## Solution:

To illustrate the problem, consider the following figure:

### Part A

We are given the 7-meter range, R, and the initial velocity, vo, of the projectile. We have R=7.0 m, and vo=12.0 m/s. To solve for the angle of the initial velocity, we will use the formula for range

$\displaystyle \text{R}=\frac{\text{v}^{2}_{\text{o}}\sin 2\theta _{\text{o}}}{g}$

Solving for θo in terms of the other variables, we have

$\displaystyle \text{gR}=\text{v}_{\text{o}}^2\sin 2\theta _{\text{o}}$

$\displaystyle \sin 2\theta _{\text{o}}=\frac{\text{gR}}{\text{v}_{\text{o}}^2}$

$\displaystyle 2\theta _\text{o}=\sin ^{-1}\left(\frac{\text{gR}}{\text{v}_{\text{o}}^2}\right)$

$\displaystyle \theta _\text{o}=\frac{1}{2}\sin ^{-1}\left(\frac{\text{gR}}{\text{v}_{\text{o}}^2}\right)$

Substituting the given values, we have

$\displaystyle \theta _\text{o}=\frac{1}{2} \sin ^{-1}\left[\frac{\left(9.81\text{m/s}^2\right)\left(7.0\text{m}\right)}{\left(12.0\text{m/s}\right)^2}\right]$

$\displaystyle \theta _\text{o}=14.24^{\circ}$     ◀

### Part B

The other angle that would give the same range is actually the complement of the solved angle in Part A. The other angle,

$\displaystyle \theta _o'=90^{\circ} -14.24^{\circ} =75.76^{\circ}$     ◀

This angle is not used as often, because the time of flight will be longer. In rugby that means the defense would have a greater time to get into position to knock down or intercept the pass that has the larger angle of release.

### Part C

We can use the x-component of the motion to solve for the time of flight.

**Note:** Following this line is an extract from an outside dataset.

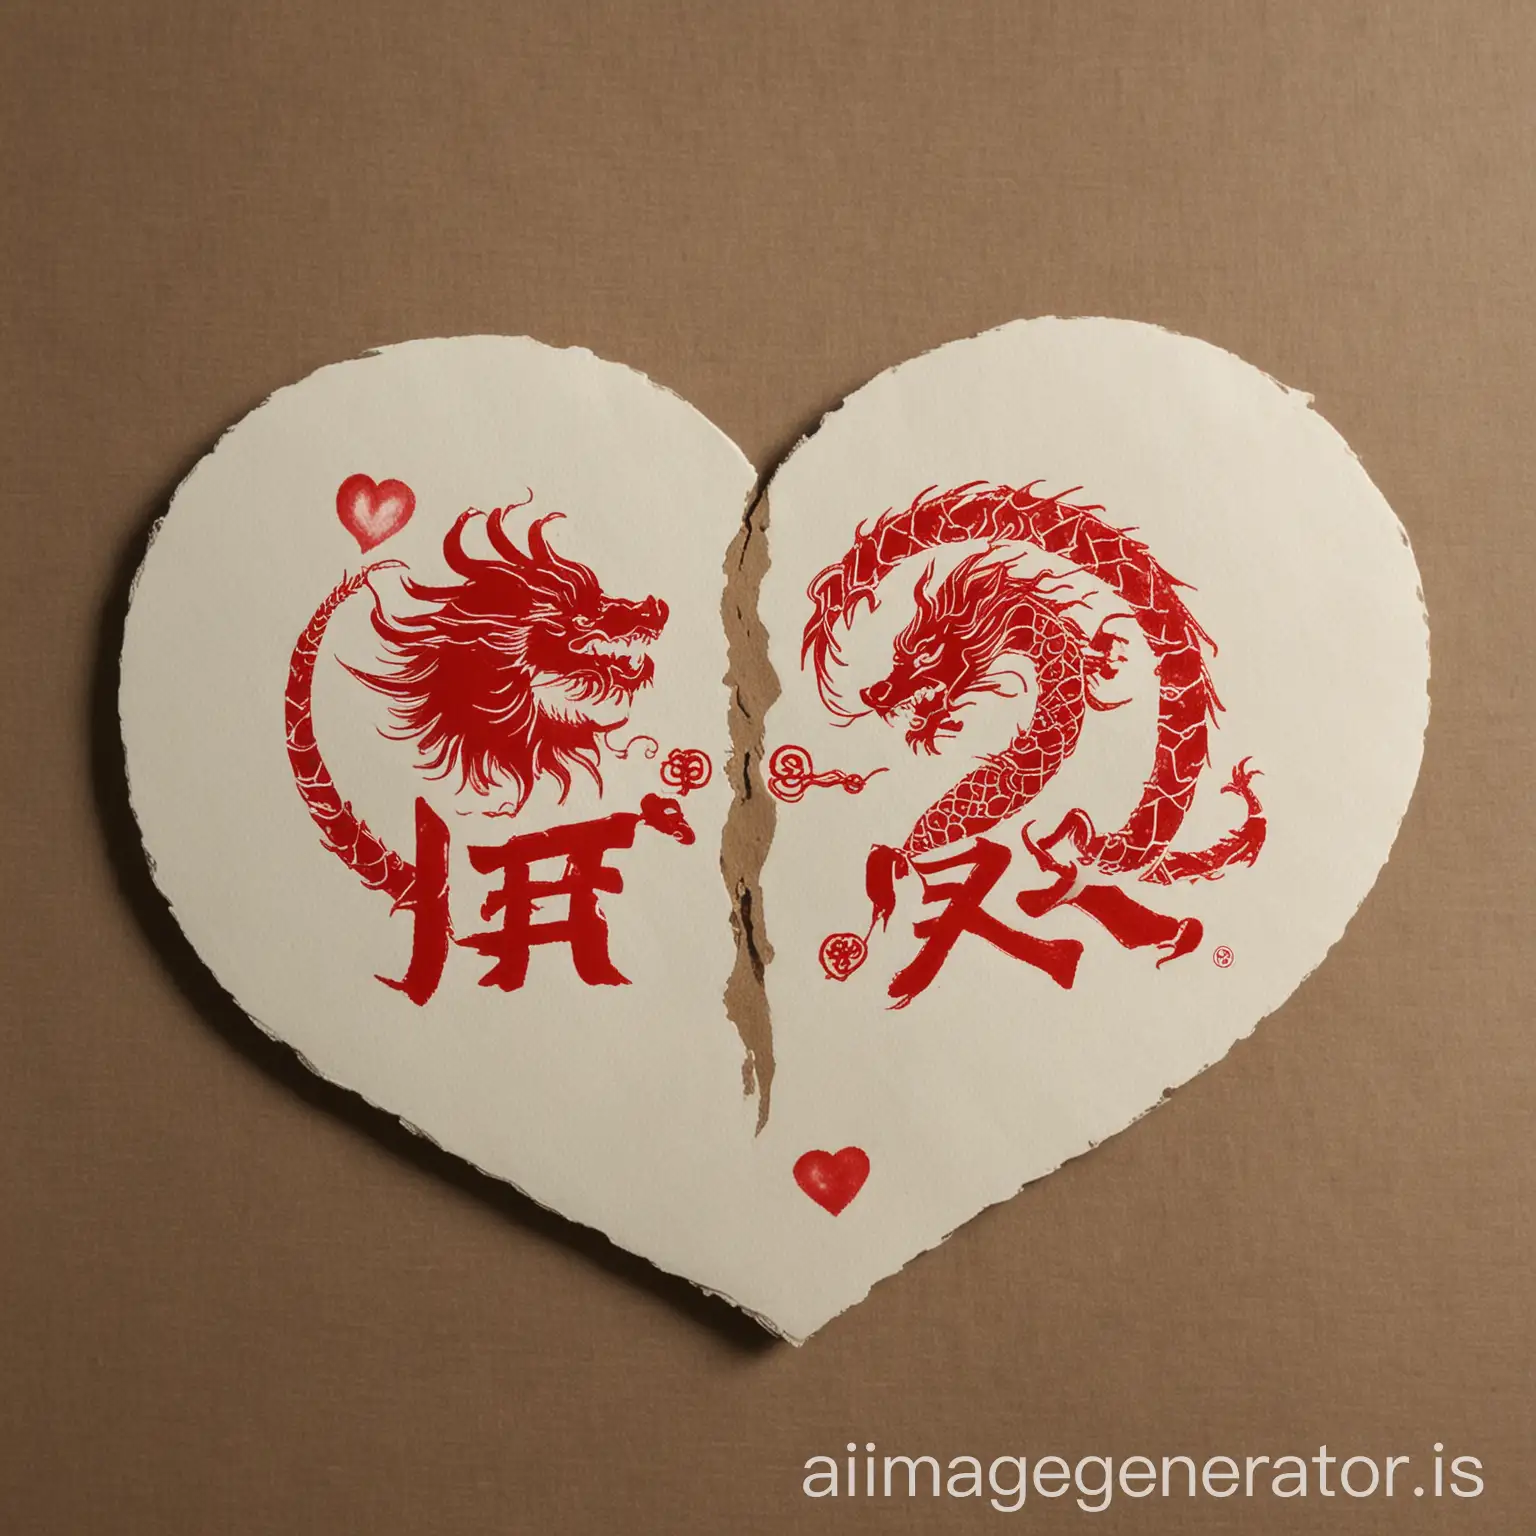 Qing-Mei-and-Shao-Long-Love-Heart-with-Dragon-and-Heart-Symbols

$\displaystyle \Delta \text{x}=\text{v}_\text{x}\text{t}$

We need the horizontal component of the velocity. We should be able to solve for the component since we are already given the initial velocity and the angle.

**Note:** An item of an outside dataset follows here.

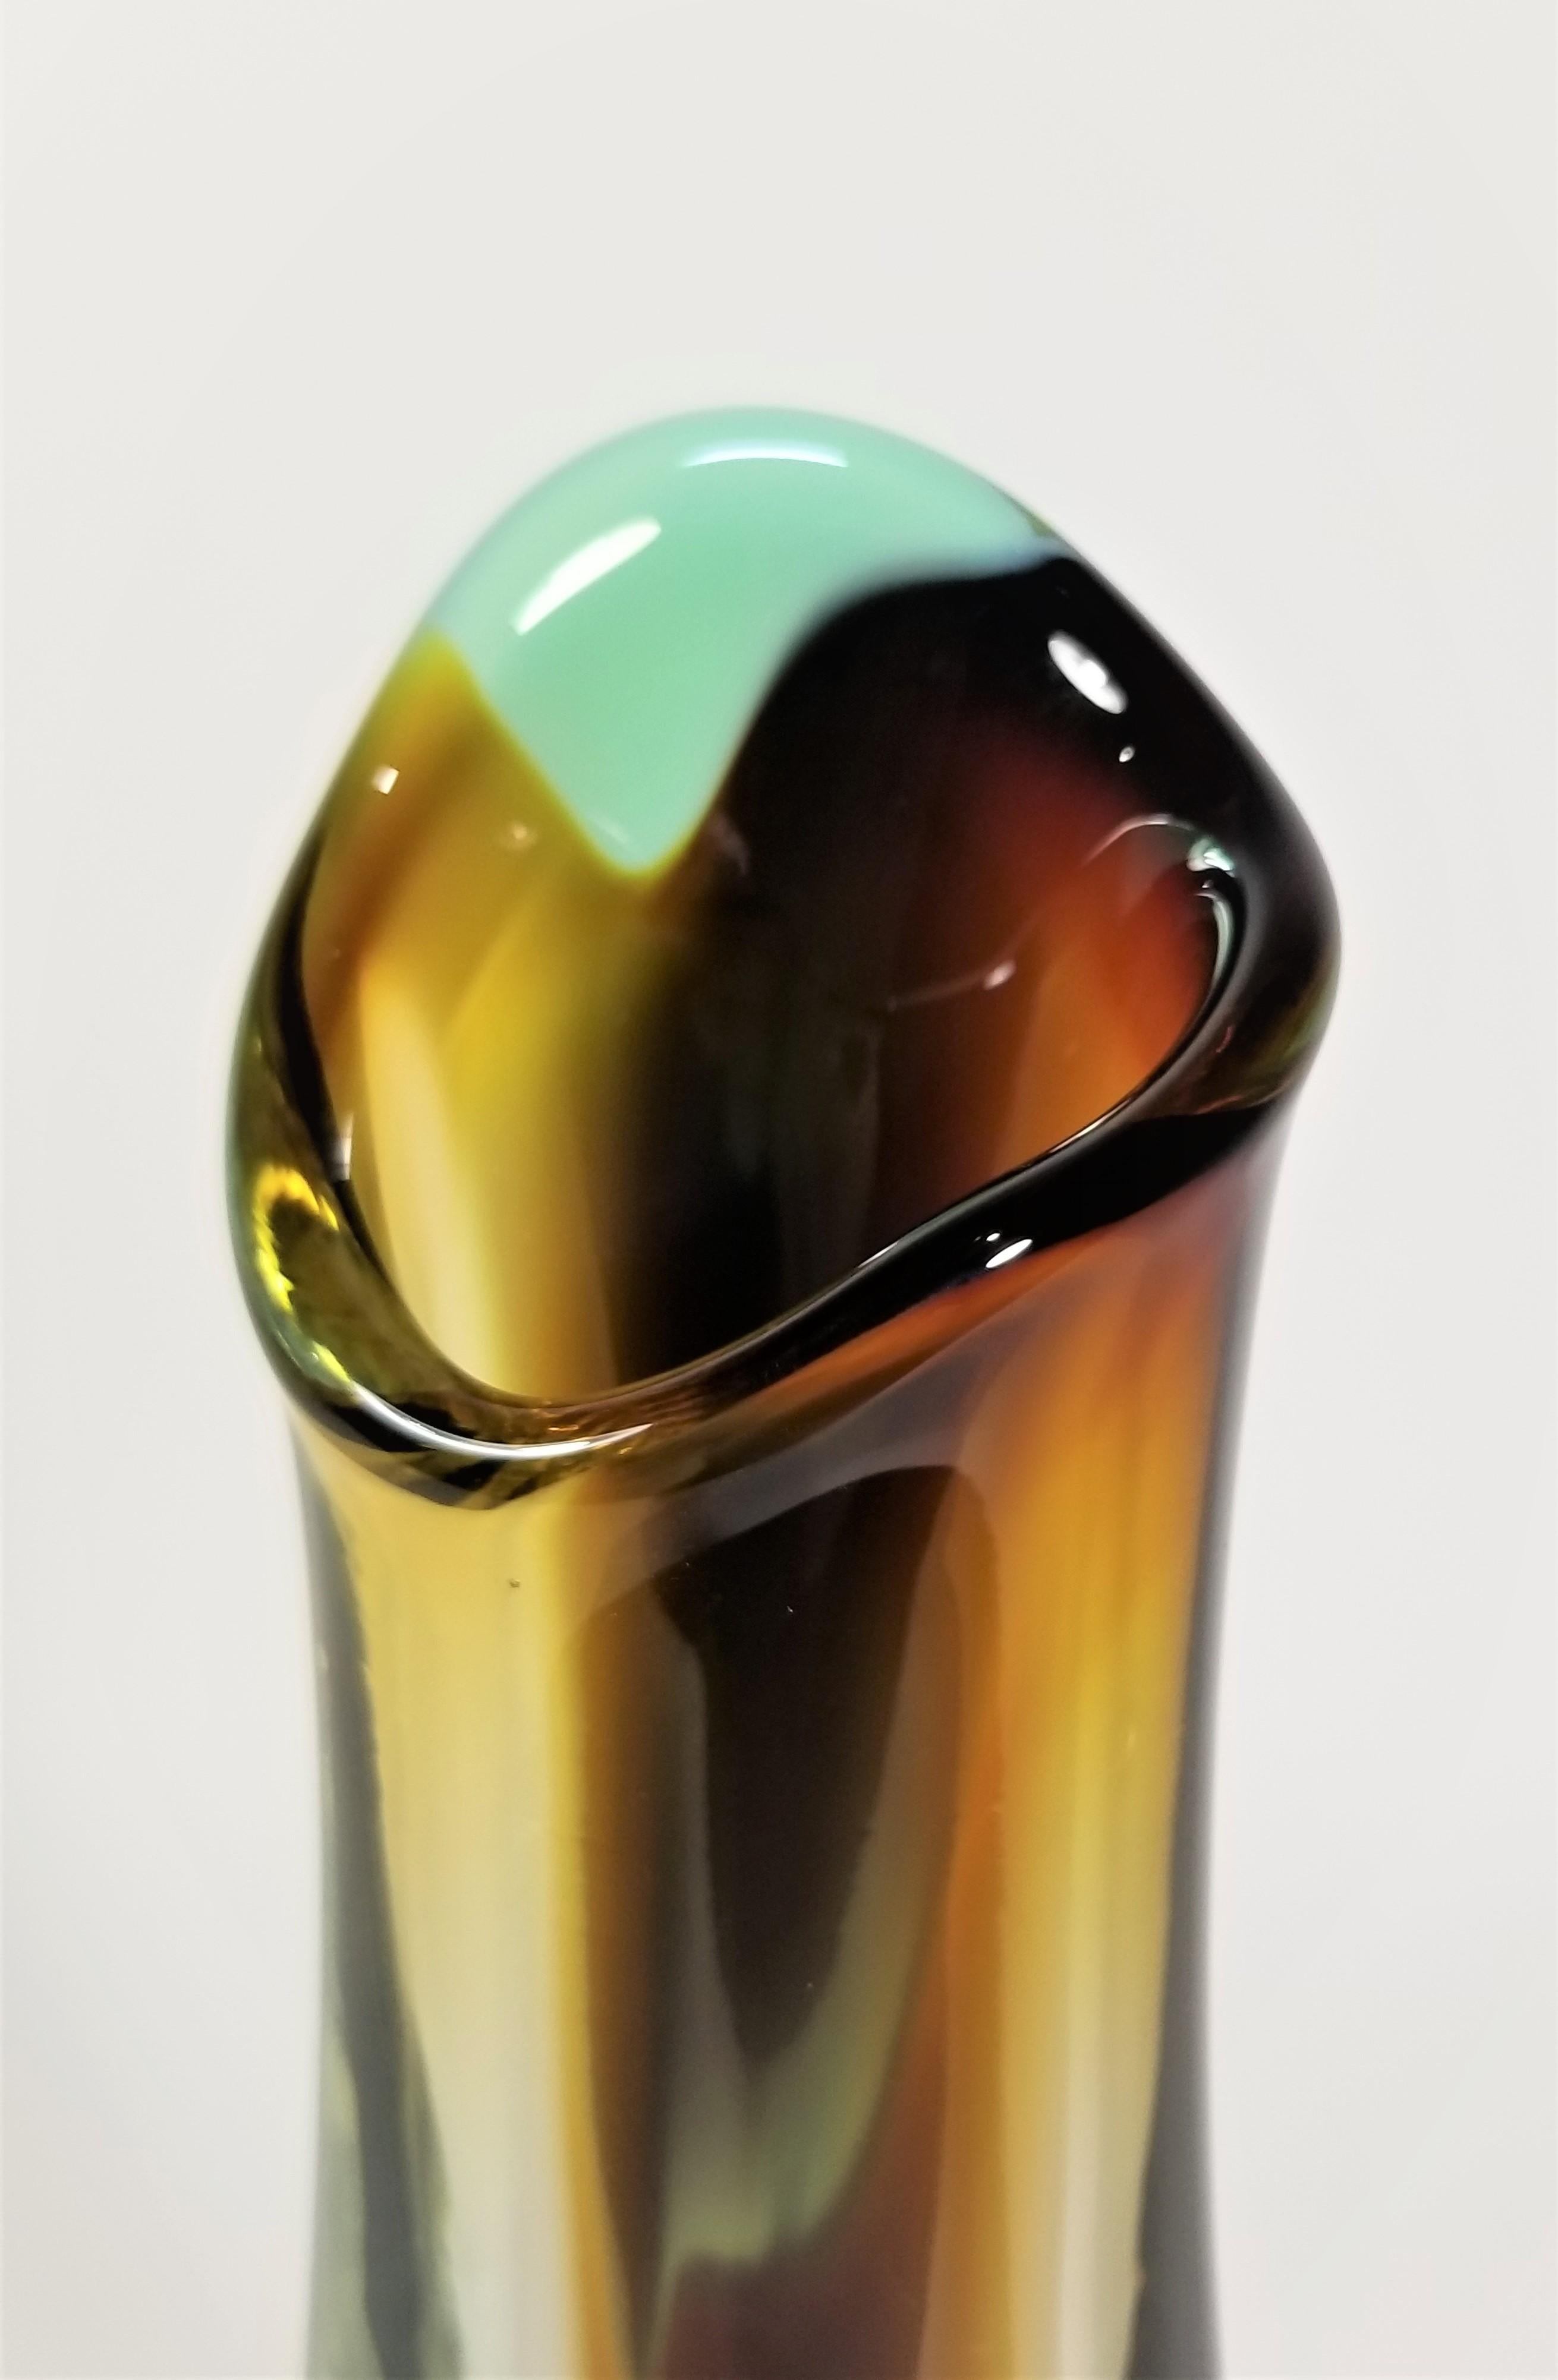 1980s Art Glass Vase or Decorative Object Artist Signed and Dated In Excellent Condition For Sale In New York, NY

$\displaystyle \text{v}_{\text{x}}=\left(12\:\text{m/s}\right)\cos 14.24^{\circ} =11.63\:\text{m/s}$

Therefore, the total time of flight is

$\displaystyle \text{t}=\frac{\Delta \text{x}}{\text{v}_{\text{x}}}$

$\displaystyle \text{t}=\frac{7.0\:\text{m}}{11.63\:\text{m/s}}$

$\displaystyle \text{t}=0.60\:\text{s}$     ◀

## Solution:

To illustrate the problem, consider the following figure:

### Part A

We are given the range of 75-meter range, R, and the initial velocity, vo, of the projectile. We have R=75.0 m, and vo=35.0 m/s. To solve for the angle of the initial velocity, we will use the formula for range

$\displaystyle \text{R}=\frac{\text{v}^{2}_{\text{o}}\:\sin 2\theta _{\text{o}}}{g}$

Solving for θo in terms of the other variables, we have

$\displaystyle \text{gR}=\text{v}_{\text{o}}^2\:\sin 2\theta _{\text{o}}$

$\displaystyle \sin \:2\theta _{\text{o}}=\frac{\text{gR}}{\text{v}_{\text{o}}^2}$

$\displaystyle 2\theta _\text{o}=\sin ^{-1}\left(\frac{\text{gR}}{\text{v}_{\text{o}}^2}\right)$

$\displaystyle \theta _\text{o}=\frac{1}{2}\sin ^{-1}\left(\frac{\text{gR}}{\text{v}_{\text{o}}^2}\right)$

Substituting the given values, we have

$\displaystyle \theta _o=\frac{1}{2}\sin ^{-1}\left[\frac{\left(9.81\:\text{m/s}^2\right)\left(75.0\:\text{m}\right)}{\left(35.0\:\text{m/s}\right)^2}\right]$

$\displaystyle \theta _o=18.46^{\circ}$     ◀

### Part B

We know that halfway, the maximum height of the projectile occurs. Also at this instant, the vertical velocity is zero. We can solve for the maximum height and compare it with the given height of 3.50 meters.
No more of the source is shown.